In fact, he even did a whole
story on Hunsinger once. “Whenever a Husky football player is involved
in a scrape with the law, I leap to attention,” Moore writes proudly.
“These incidents happen so often, I'm thinking about suing Barbara
Hedges for whiplash.”
A minority kid’s legal problem,
in particular, doesn’t need further outing from a giggling Jim Moore, the Go-2-Guy, as
he calls himself. It's okay to roast the "U," but not the kid, in my
opinion.
I wonder if the Go-2-Guy ever made fun
of Anthony Vontoure's troubled behavior? Two weeks before his death,
both of us attending
C-Dub's funeral, I promised Anthony that I’d take these guys on, using my powerful website.
He said, “right on,” having taken his share of media abuse.
Later, my website
took a nosedive with the local media when I wrote that the "eavesdropping John Levesque was
on Linda’s Tripp." I kept my promise to AV. However, I tried to copy Moore’s style.
(#)
Every bully has a cowardly
side in the face of a strong adversary. Moore recently wrote, “Plus, no one's breaking laws anymore.
That's bad news for Mike Hunsinger, a UW fan who used to represent every
Husky who did, which meant he was very busy until (Tyrone) Willingham
arrived.”
The coach has got the Go-2-Guy
on the run, hoisting him by his own petard.
Moore appears harmless enough
when taken singularly, but in the big league of Seattle journalists, the
ancient
lampshade he wears to their parties must be riddled with old cigarette
holes. He's a popular dude with the anti-Husky
crowd, but also serves as an ashtray because of his rural background.
He lacks that polished edge,
his background in sports writing and "broadcasting" being horseshoe
pitching tournaments, according to rumor:
CLANK!
Loud breathing in microphone.
Add country dialect. A bellowing Moore says, "Lars Hansen scores a ringer."
It’s with these columnists and
editorialists where the negativity trumps the positives, inside the
stories they write about UW. Jim wants to fit in badly and be a real
journalist, not just some cow-college-cockamamie counterfeit.
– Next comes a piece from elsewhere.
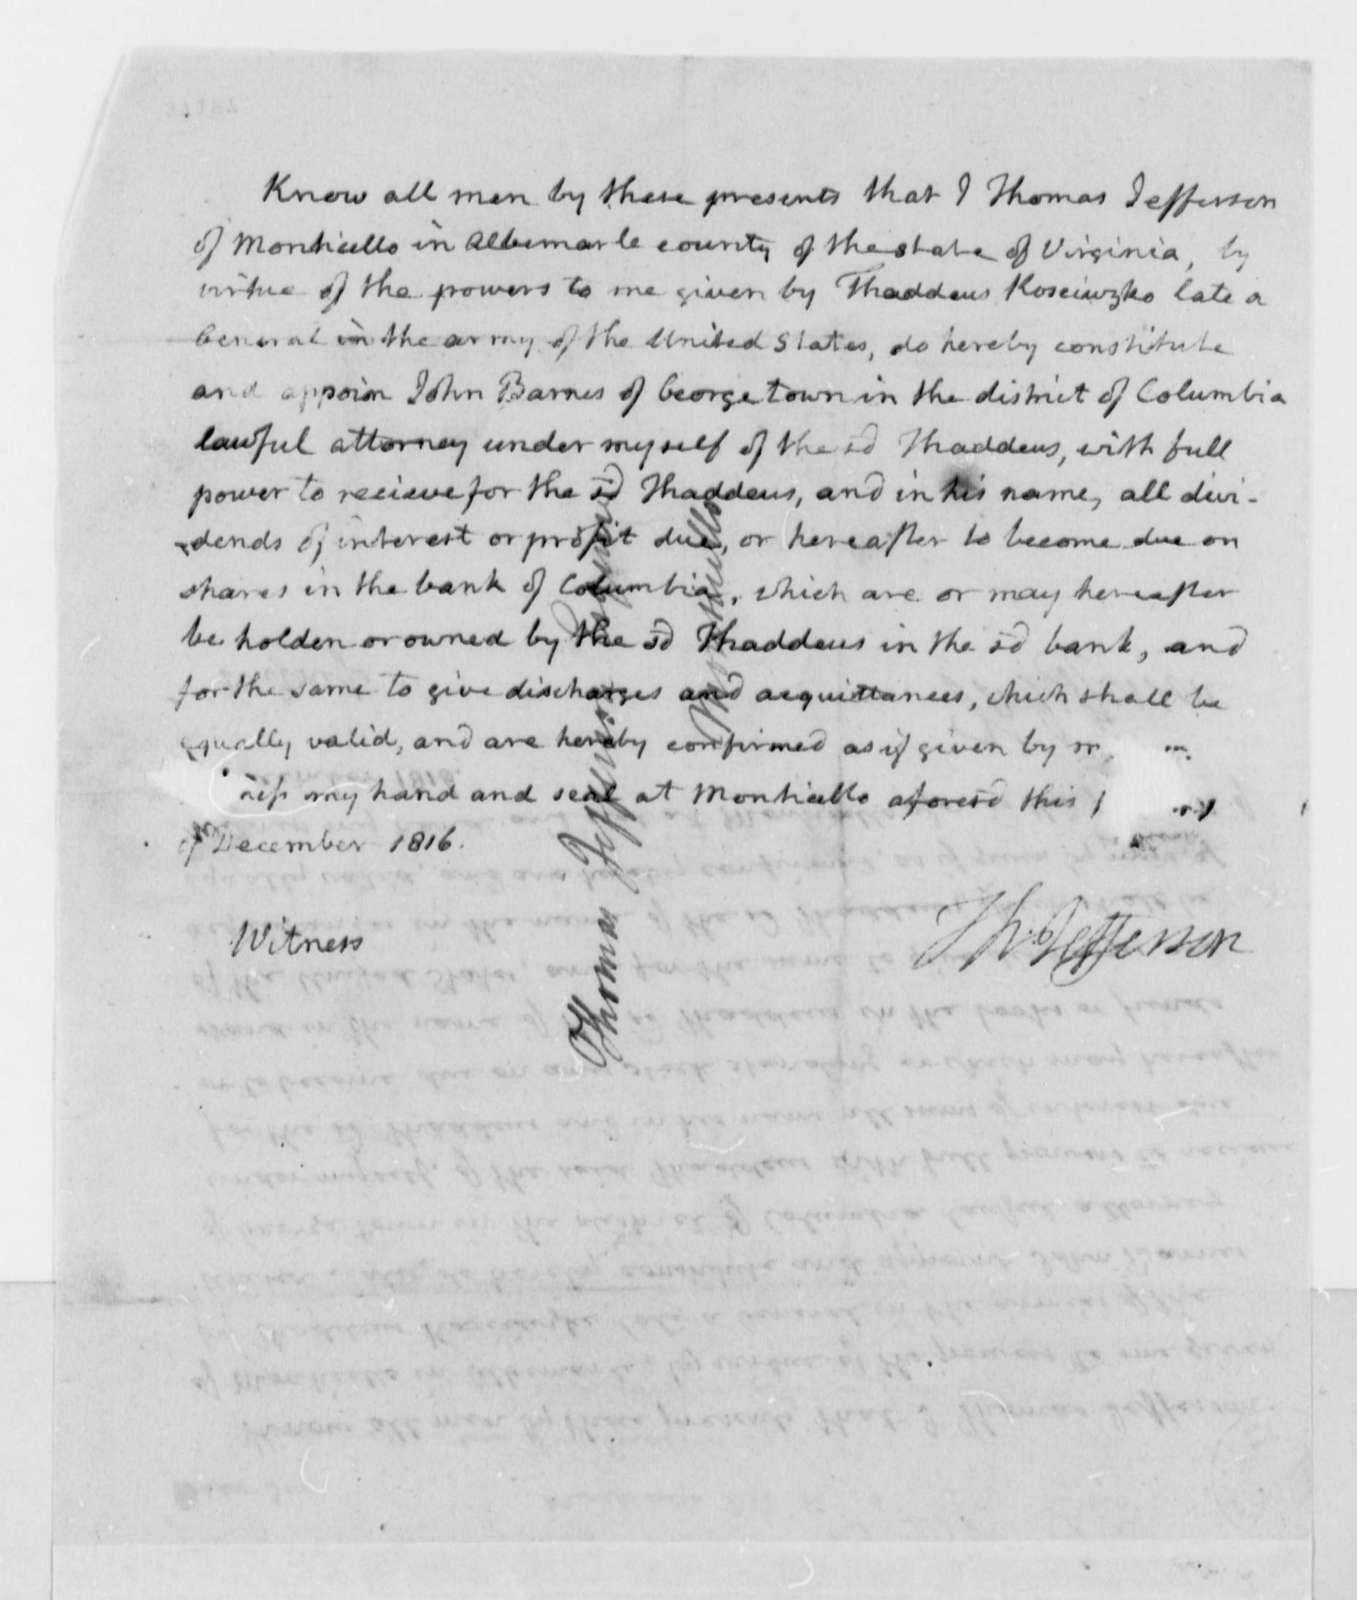 Thomas Jefferson to John S. Barnes, December 15, 1816, with Barnes Powers of Attorney

Don’t get me wrong, Seattle
journalists have a right to express their opinion, but what is missing
from the local scene is a reasonable semblance of balance, kind of like
Hugh Millen’s editorials that went unchecked.
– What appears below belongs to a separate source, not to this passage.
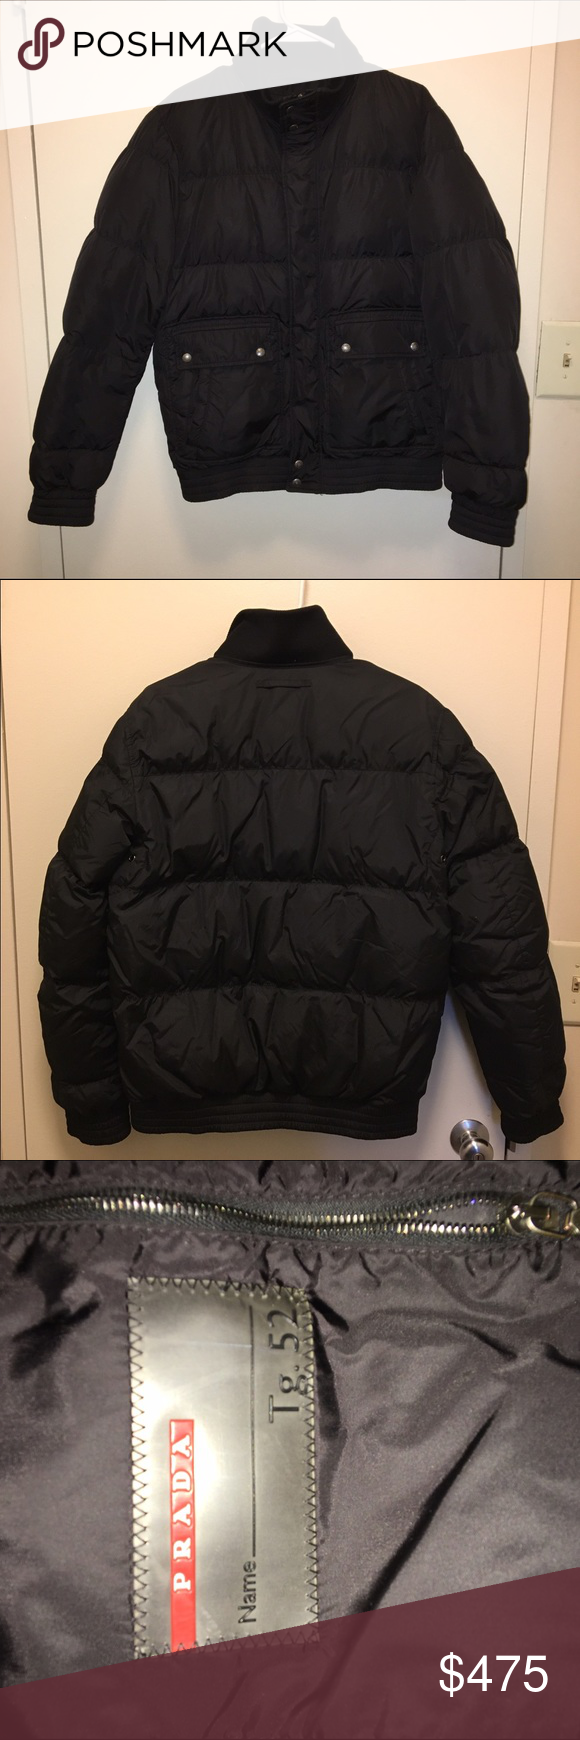 Prada Men S Down Coat Tg 52 Medium Prada Men Clothes Design Coat [ 1740 x 580 Pixel ]

So, do we need a check and
balance on Jim Moore? Yes, because, at times, he goes too far, writing
that sixth story we were discussing. Remember the story he did on Steve
Schilling, the local lineman UW lost to Michigan? Many irate fans feel
that Moore (a WSU booster?) had broken an NCAA bylaw.
Is the Go-2-Guy ready for the
big time now that his shtick is on the wane?
Many national columnists who
comment on college football may be unwitting adherents to the Paul
Gallico school of thought. (For starters, add here: Art Thiel, Sally
Jenkins, Rick Telander, the guys who wrote the script for ESPN’s
“Playmakers,” etc.)
In 1938, Gallico, who was
alarmed by what he perceived to be an increasing professionalism in college sports, wrote,
"College football is one of the last great strongholds of genuine
old-fashioned American hypocrisy...If there is anything good about
college football it is the fact it seems to bring entertainment,
distraction, and pleasure to many millions of people. But the price, the
sacrifice to decency, I maintain, is too high." (Farewell to Sport).
College football and America
aren’t the hypocrites, it’s writers like Jim Moore who are the
hypocrites – they are the mockingbirds who have sold their souls to join
the seagulls who circle the old Montlake garbage dump.
Whew…that was a mouse-full and a
fitting slam at Jim, for I am a UW alum and grad, who is not going to
take it anymore.
I just hope Jim and his fans can
take a joke. It’s my sixth story on him.